# Blanck Mortuary 2020



## Sblanck (Sep 13, 2007)

I only did a cemetery this year. 
I still have to set out my candles and fog machines and I will video that and post later on this thread.

Day:




Night:


----------



## RoxyBlue (Oct 6, 2008)

Your graveyard display is absolutely beautiful. It has such a coherent look and feel to it. Love the fencing and that hearse is da bomb!


----------



## Sblanck (Sep 13, 2007)

Roxy, 

Thanks so much for the comments.
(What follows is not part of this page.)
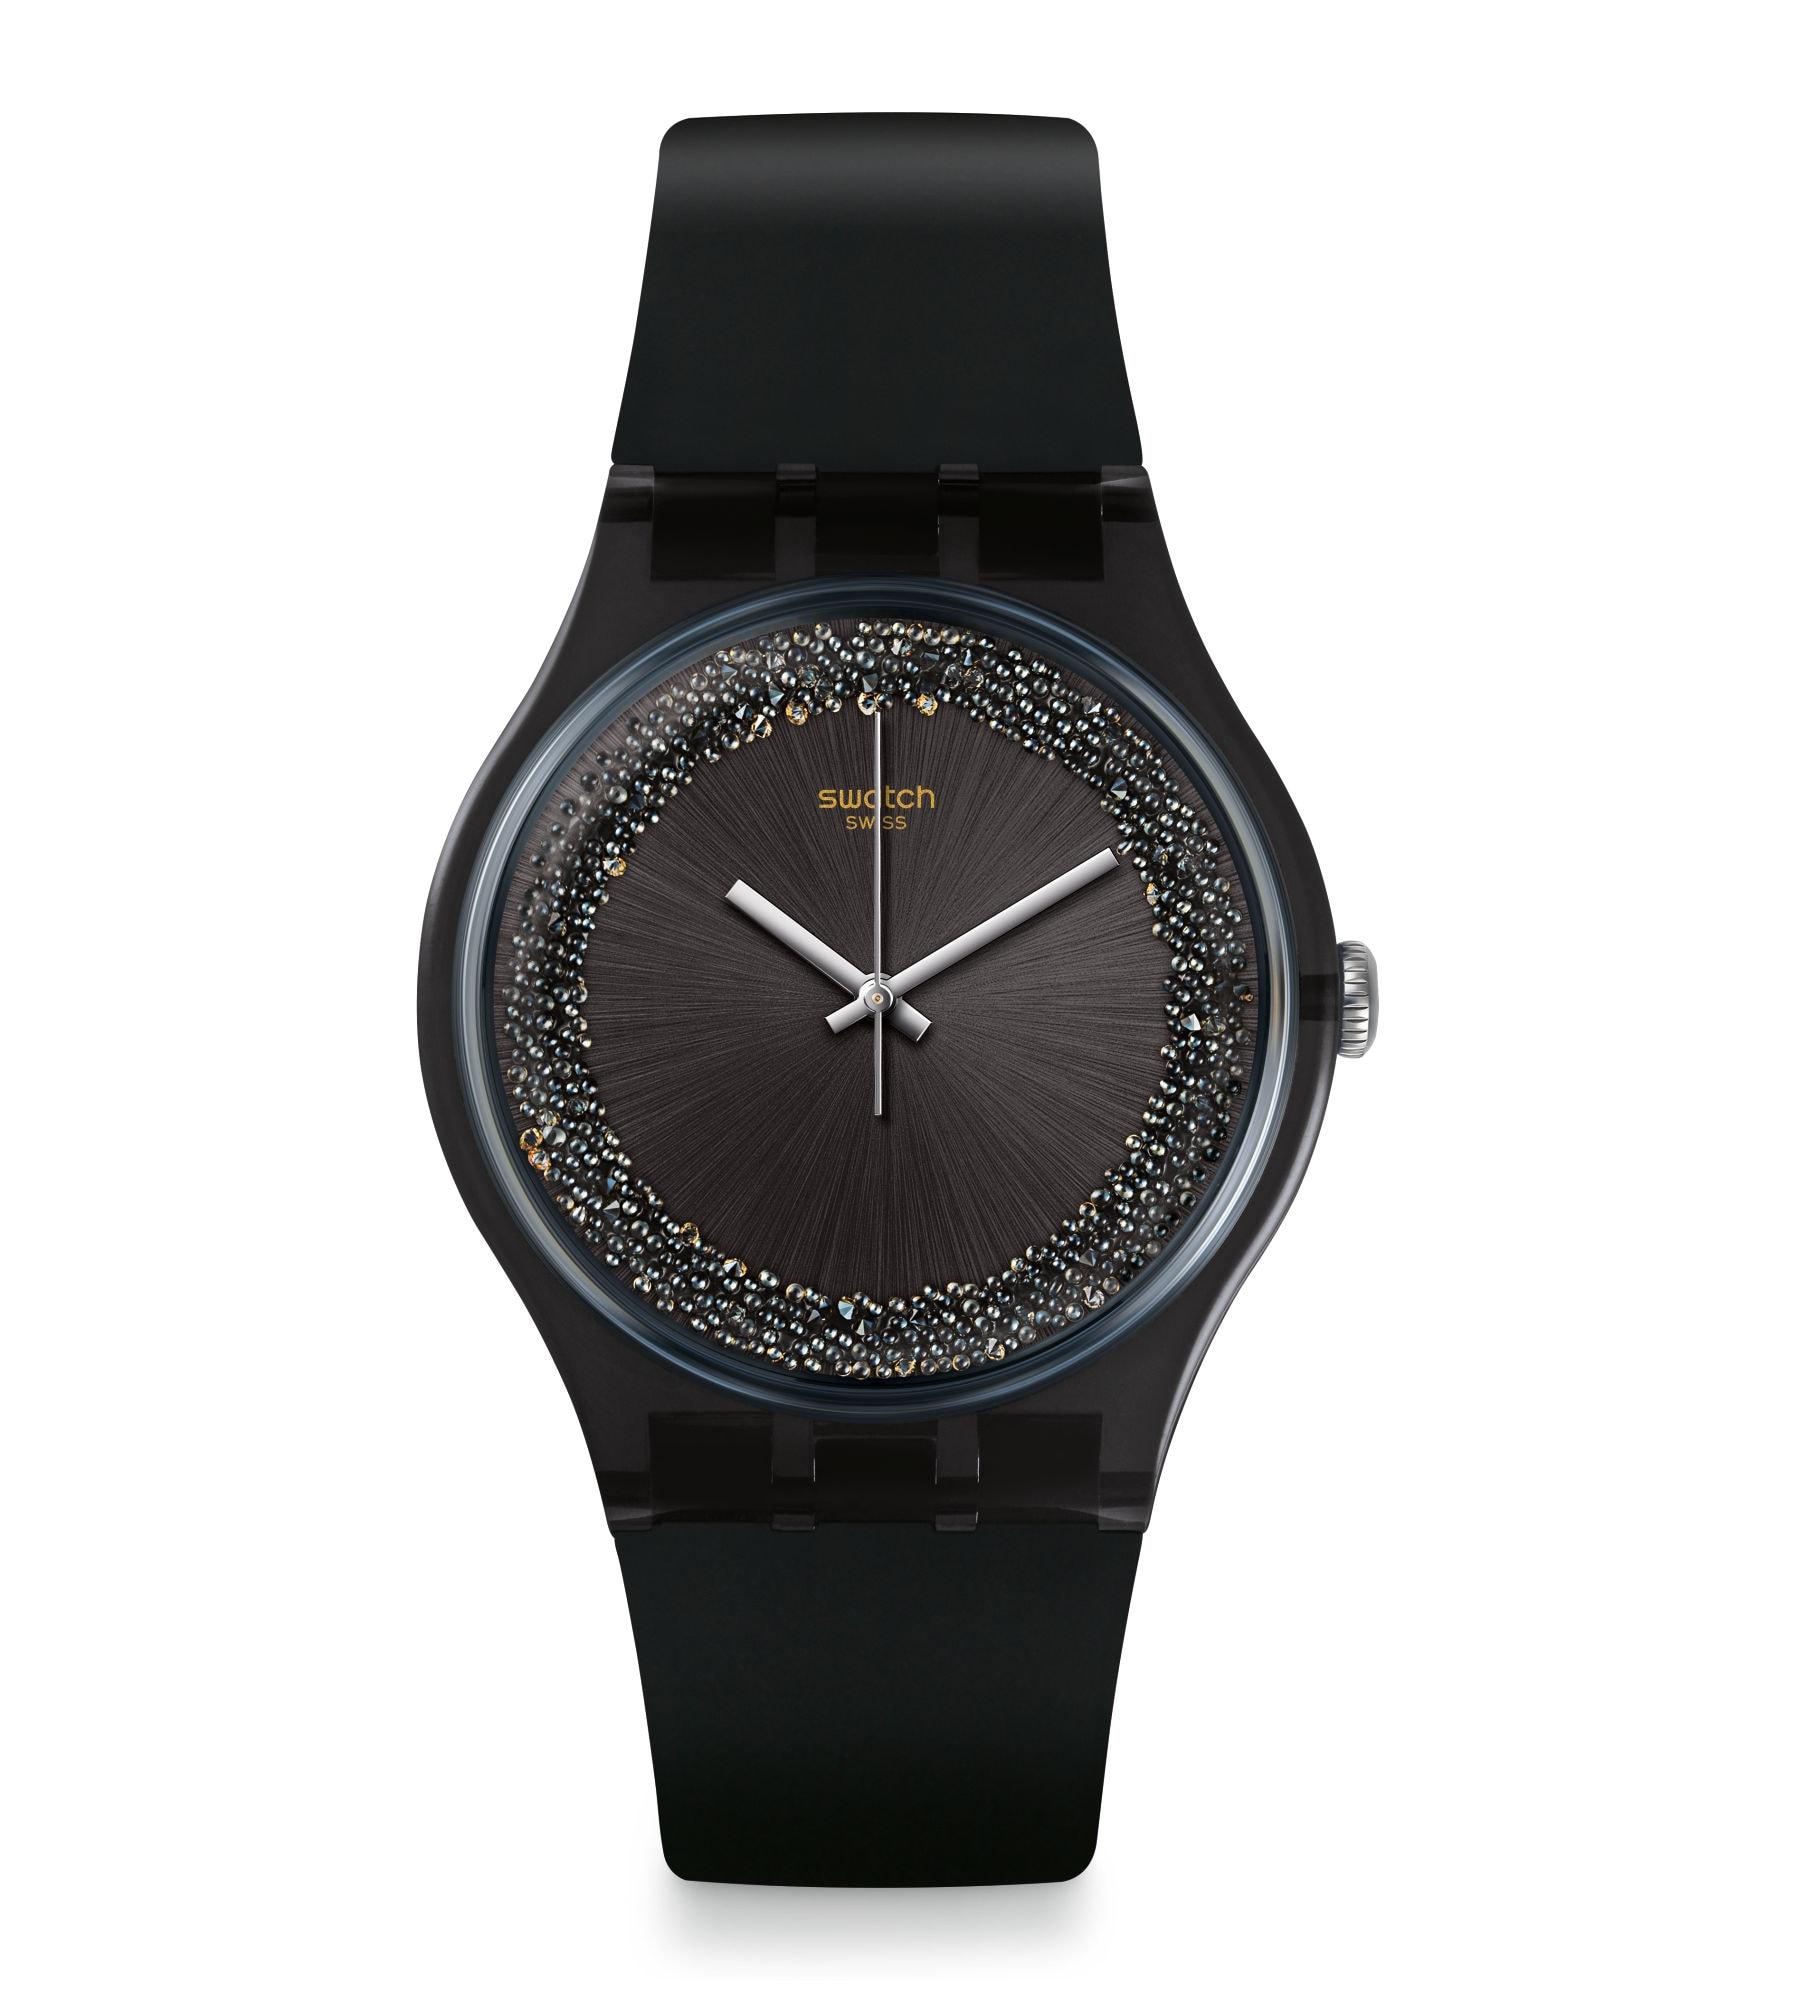 Darksparkles Swatch Darksparkles Swatch Darksparkles Armbanduhr Suob156 Darksparkles Suob156 Suob156 Armbanduhr Armbanduhr Swatch Swatch doxBCe

I love my carriage as its easy to store since it breaks down to 2'-0" x 10'-0". but I still miss having a full sized one that rolls.


----------



## Hairazor (Mar 13, 2012)

You have an impressive collection of stones, well done


----------



## Sblanck (Sep 13, 2007)

Thanks! The stones except for about 4 our Disney Imagineers who designed the Disneyland Haunted mansion.


----------



## Sblanck (Sep 13, 2007)

Halloween 2020 video


----------



## Greg G (Nov 4, 2012)

Excellent. Everything works together, the mist, the lighting, the very realistic detailed tombstones, the sound effects, the moving skelly, the carriage.


----------



## Sblanck (Sep 13, 2007)

Greg G said:


> Excellent. Everything works together, the mist, the lighting, the very realistic detailed tombstones, the sound effects, the moving skelly, the carriage.


Thanks so much!!


----------